▶ _What needs to be done_
Leaving the pictures aside, reproduce the data in full and word for word.

▶ _Collected material_
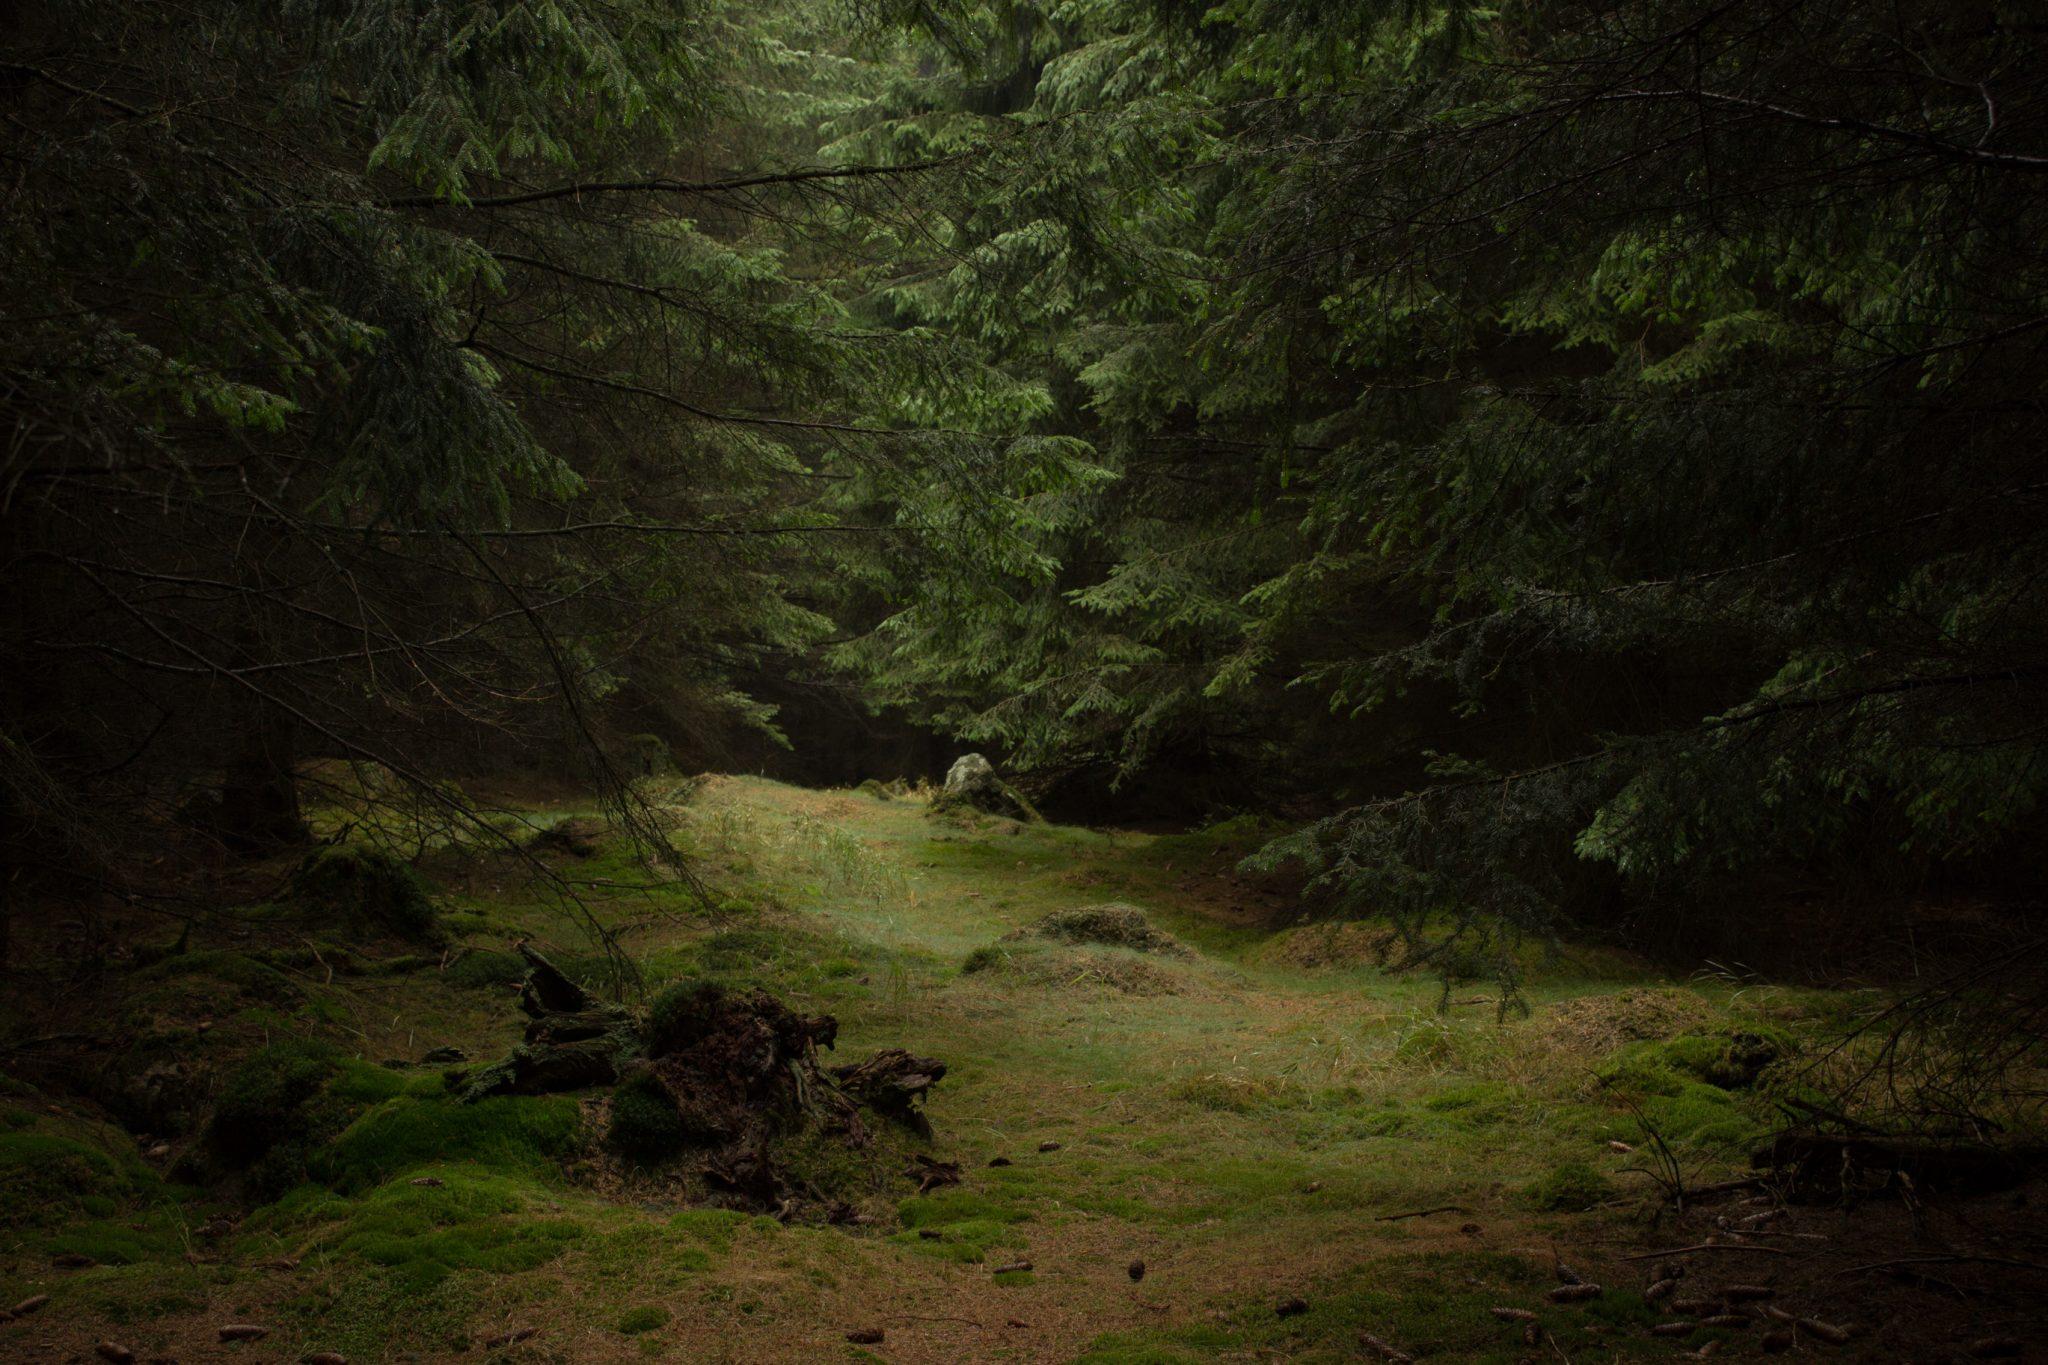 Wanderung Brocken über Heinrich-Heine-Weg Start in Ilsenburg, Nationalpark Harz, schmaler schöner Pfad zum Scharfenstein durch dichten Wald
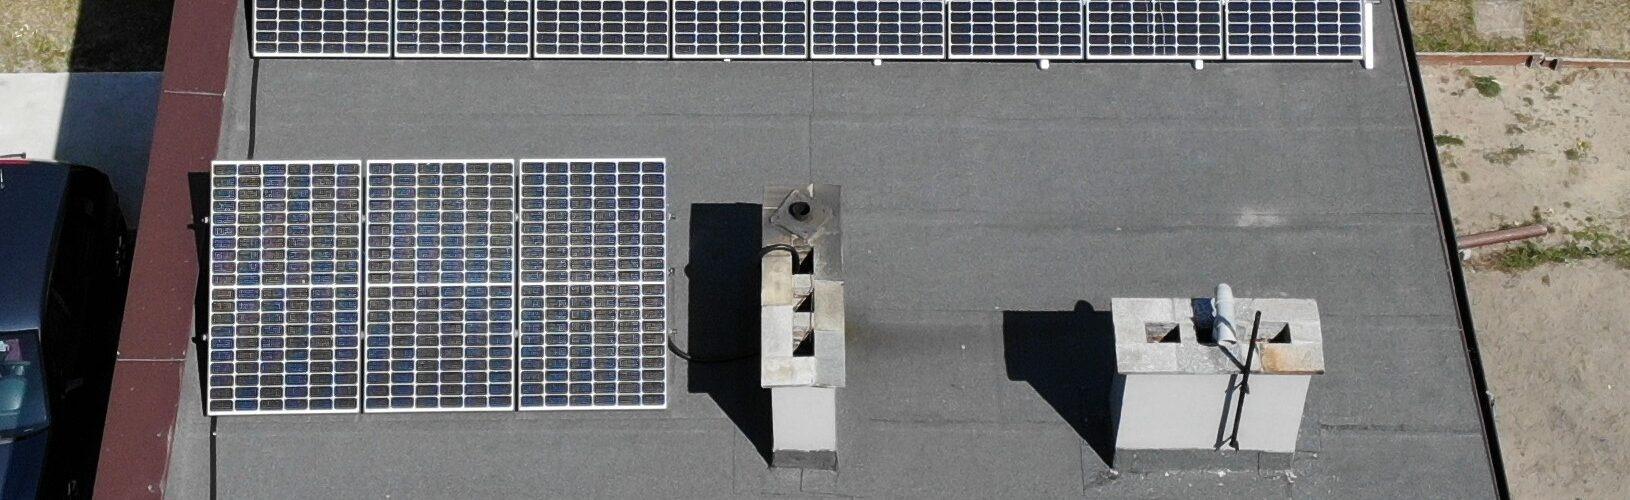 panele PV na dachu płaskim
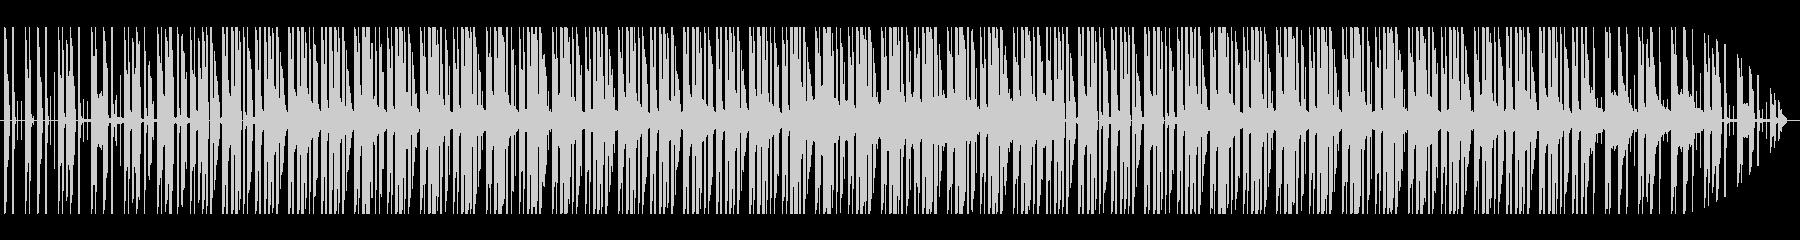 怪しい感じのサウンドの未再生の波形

▶ _Solution for this exercise_
 Wanderung Brocken über Heinrich-Heine-Weg Start in Ilsenburg, Nationalpark Harz, schmaler schöner Pfad zum Scharfenstein durch dichten Wald
 panele PV na dachu płaskim
 怪しい感じのサウンドの未再生の波形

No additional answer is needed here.